Die brutalen Anschläge von Freitagnacht trafen Marokko nicht ganz unvorbereitet. Die Attentäter stammen offenbar alle aus dem Land selbst

Reiner Wandler

Das Grauen war gut organisiert. Innerhalb weniger Minuten explodierten am Freitagabend kurz nach 22 Uhr (0:00 Uhr MESZ) fünf Sprengsätze in der marokkanischen Wirtschaftsmetropole Casablanca. Ein spanisches Restaurant, ein Luxushotel in der Altstadt, zwei jüdische Einrichtungen und ein Restaurant in der Nähe des belgischen Konsulats waren die Ziele der Anschläge. Die schreckliche Bilanz: 41 Tote und über 100 zum Teil schwer Verletzte. Unter den Toten befinden sich nach Angaben der Behörden 10 Selbstmordattentäter.

19 Tote sind allein in dem privaten spanischen Restaurant und Kulturzentrum Casa de España zu beklagen, das vor allem von Geschäftsleuten und Diplomaten besucht wird. Unter den Toten befinden sich zwei Spanier und drei Franzosen. Die drei Täter hatten sich Zugang verschafft, in dem sie den Türsteher mit einem Messer enthaupteten. Danach sprengten sich zwei der Angreifer im Innern des Restaurants in die Luft.

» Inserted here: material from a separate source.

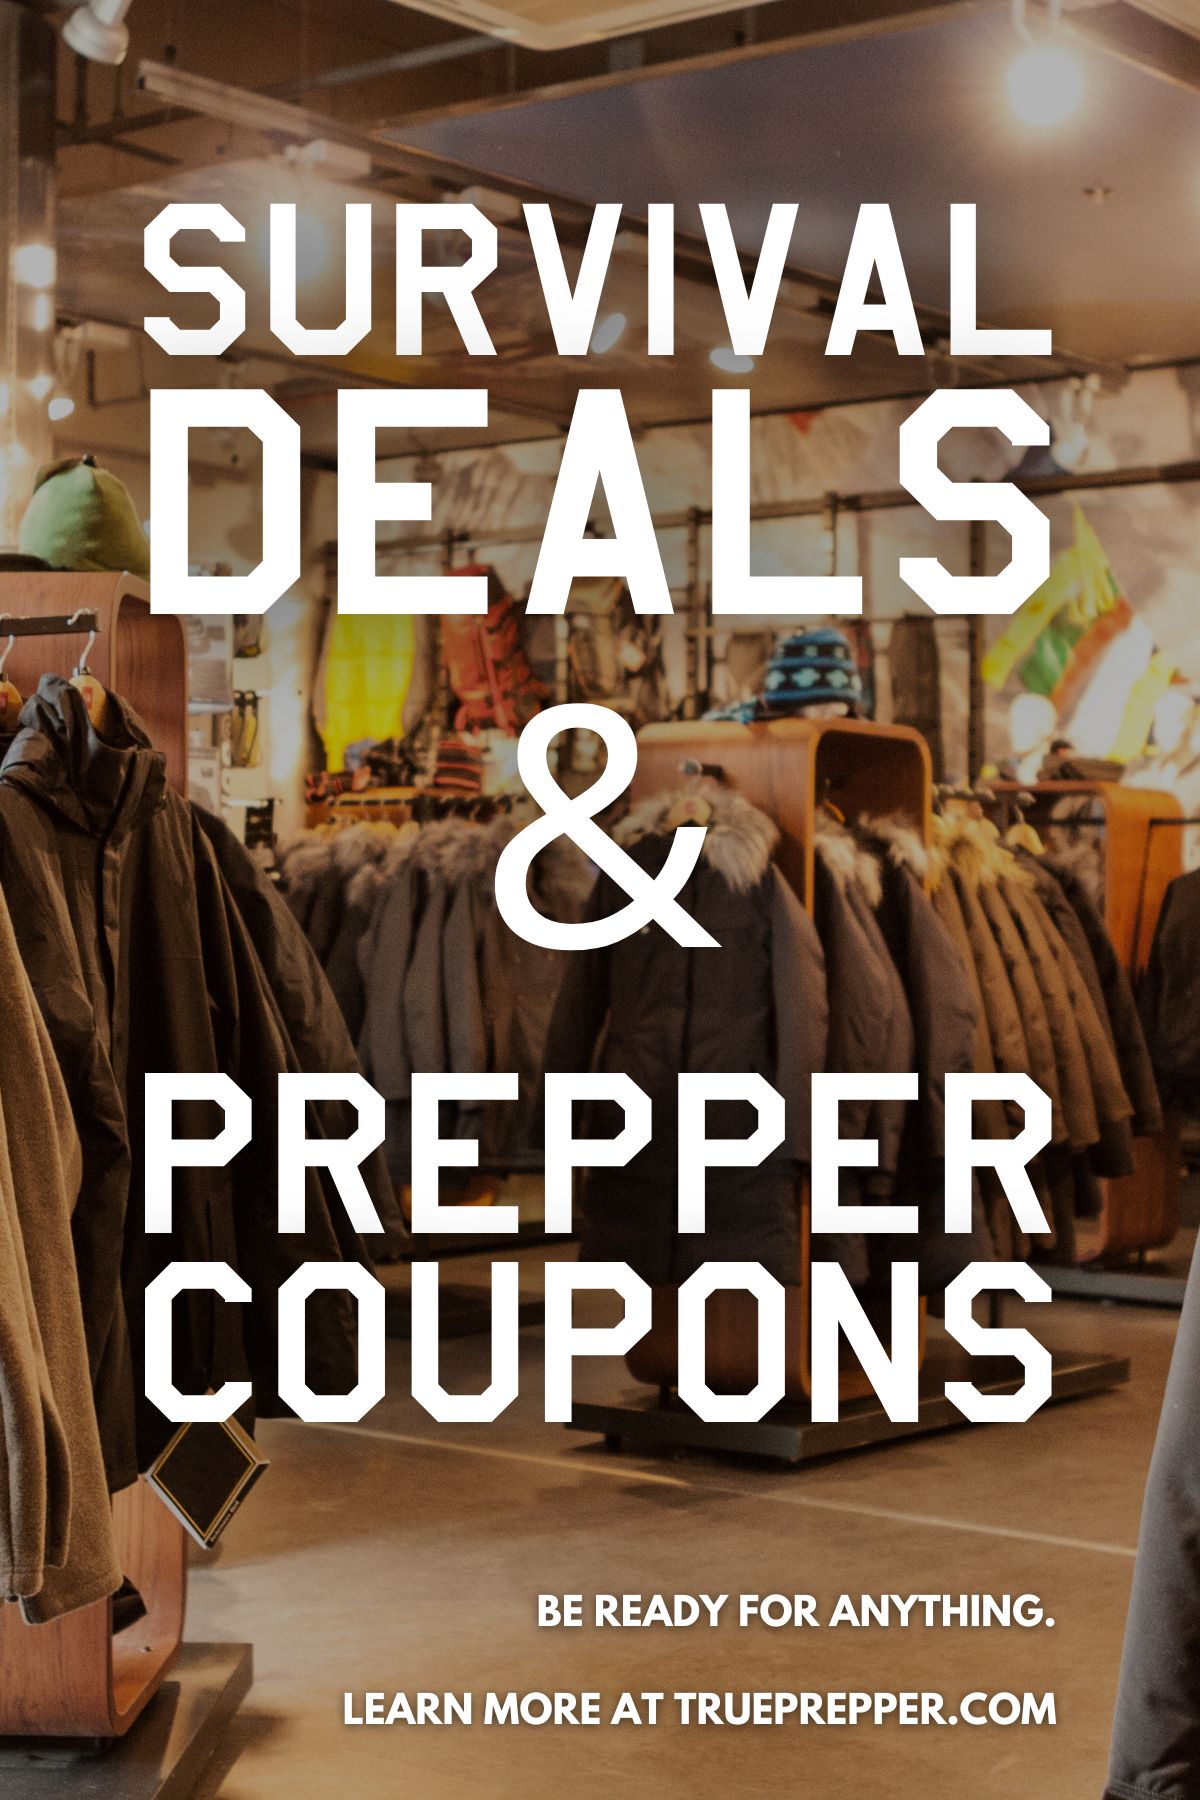 Survival Deals & Prepper Coupons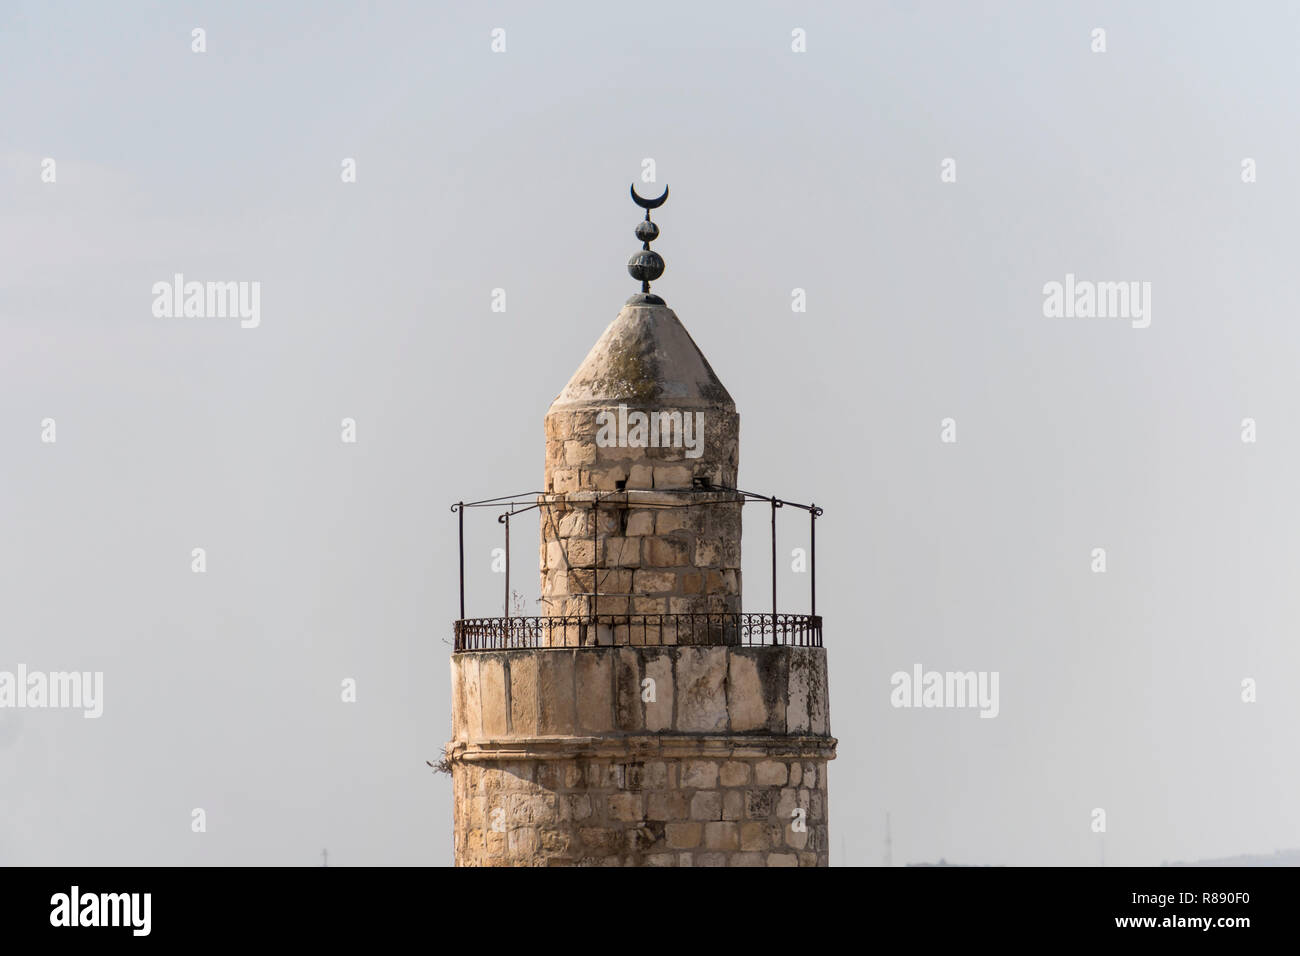 Cerca de la Torre de David de las murallas de la ciudad vieja de Jerusalén, Israel contra el cielo. La torre de David es una antigua ciudadela situado cerca de la calle Jaffa gat Foto de stock

Der Anschlag auf das Luxushotel Safir Farah sollte ähnlich ablaufen. Anders als im Casa de España scheiterten die Täter jedoch beim Versuch, das Wachpersonal zu überwältigen. Sie zündeten ihren Sprengsatz deshalb vor dem Hotel, in dem Marokko und USA erst vor kurzem gemeinsam ein Anti-Terror-Symposium abhielten. Mindestens acht Menschen sollen durch die Explosion getötet worden sein. Vor dem jüdischen Friedhof in Casablanca riss ein anderer Selbstmordattentäter drei Menschen in den Tod. Vor dem jüdischen Gemeindezentrum starb ein Wächter, vor dem belgischen Konsulat starben zwei Wachleute.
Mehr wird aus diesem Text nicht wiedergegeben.